Agreeing on a definition on “healthy” and “unhealthy” will be impossible here, but in a more realistic biological setup we might identify, for example, rounded or elongated cells, which are more easily distinguished visually.
You can already train the classifier at this step by clicking
Train, however, it will be biased towards features with
large numeric range.

Enable feature scaling
To avoid features with large numeric ranges dominating the classifier, enable scalar normalization:
Advanced > Use Scalar

Train and inspect features
Train the classifier (button name may be “Train”, or training may happen automatically depending on your version/settings). CPA will show which measured features it is using.

Evaluate the classifier
Next, we wish to check what the classifier is detecting in our two images. To do so, select:
Evaluation > Classification Report

Then click Evaluate.

CPA will show a report with metrics such as precision, recall, and F1.
- Precision: of the cells predicted as Healthy, how many were labeled Healthy?
- Recall: of the labeled Healthy cells, how many did the classifier identify as sch?
- F1: a balanced score combining precision and recall (useful when classes are imbalanced, like here)

Score all images
As a further evaluation, we can predict phenotypes in all images using Score All.
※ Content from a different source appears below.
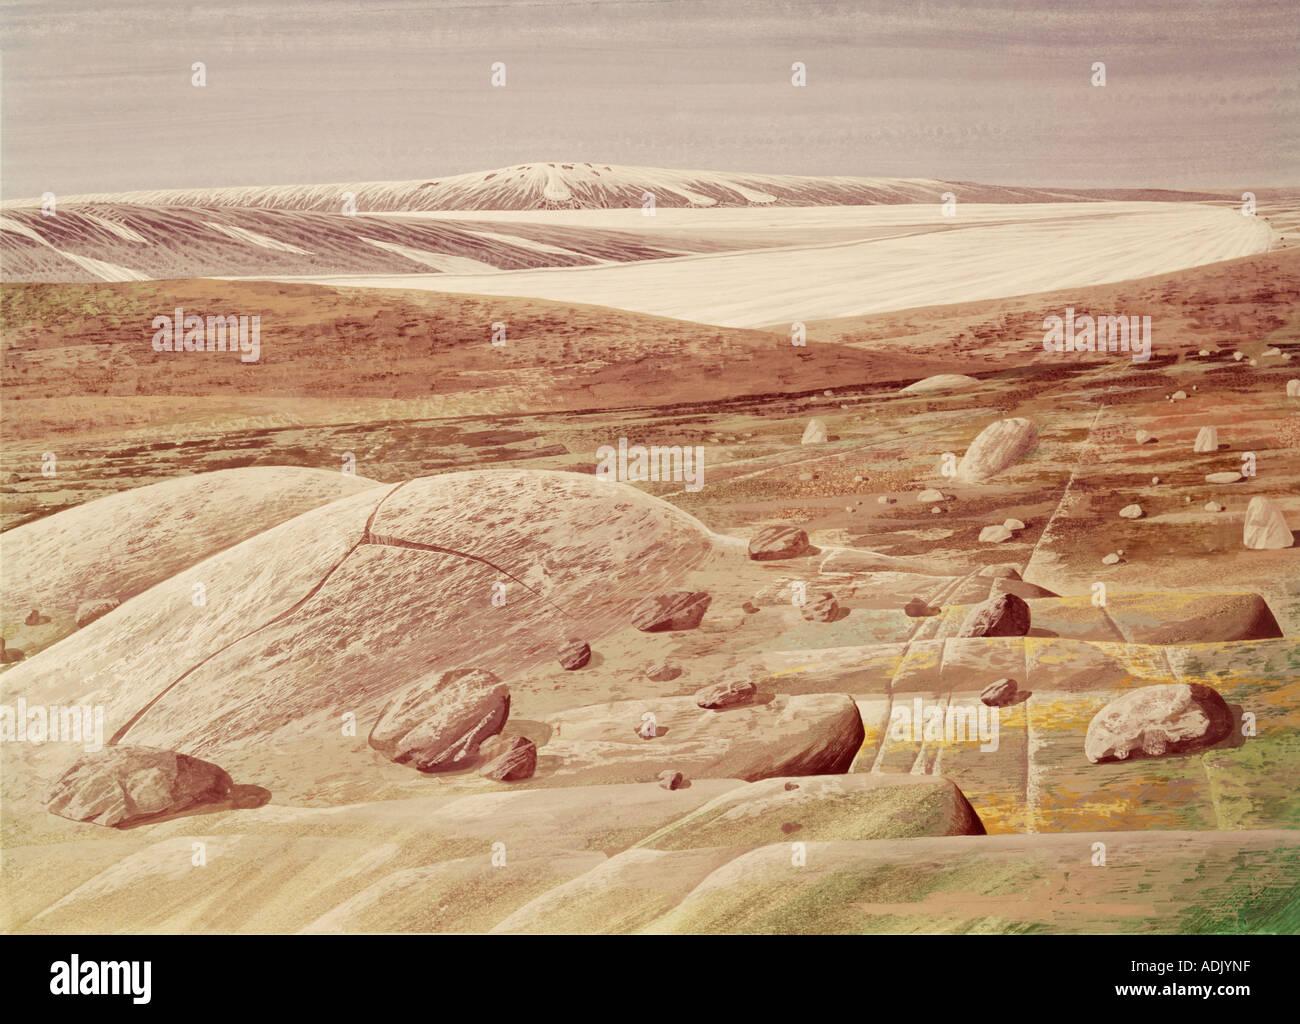 Pleistocene landscape - Stock Image

CPA will produce a table summarizing class enrichment per image/condition. In our dataset, you should see a trend consistent with the experiment: well B02 (i.e. DMSO) is (non-significantly) enriched for Healthy cells compared with cytoD-treated (B07) images.

Conclusions
You have now gone from segmentation and measurements (CellProfiler) to phenotype classification (CellProfiler Analyst). This workflow is powerful, but it only works well when:
- you have sufficiently descriptive features and
- there is a visual phenotype.
- CellProfiler Analyst can classify cellular phenotypes using the measurements exported by CellProfiler.
- The properties file tells CPA how to find and interpret your database and images.
- ExportToDatabase can generate CPA-ready outputs, but database may need extra filtering.
- Classifier performance depends heavily on consistent labels and representative training examples.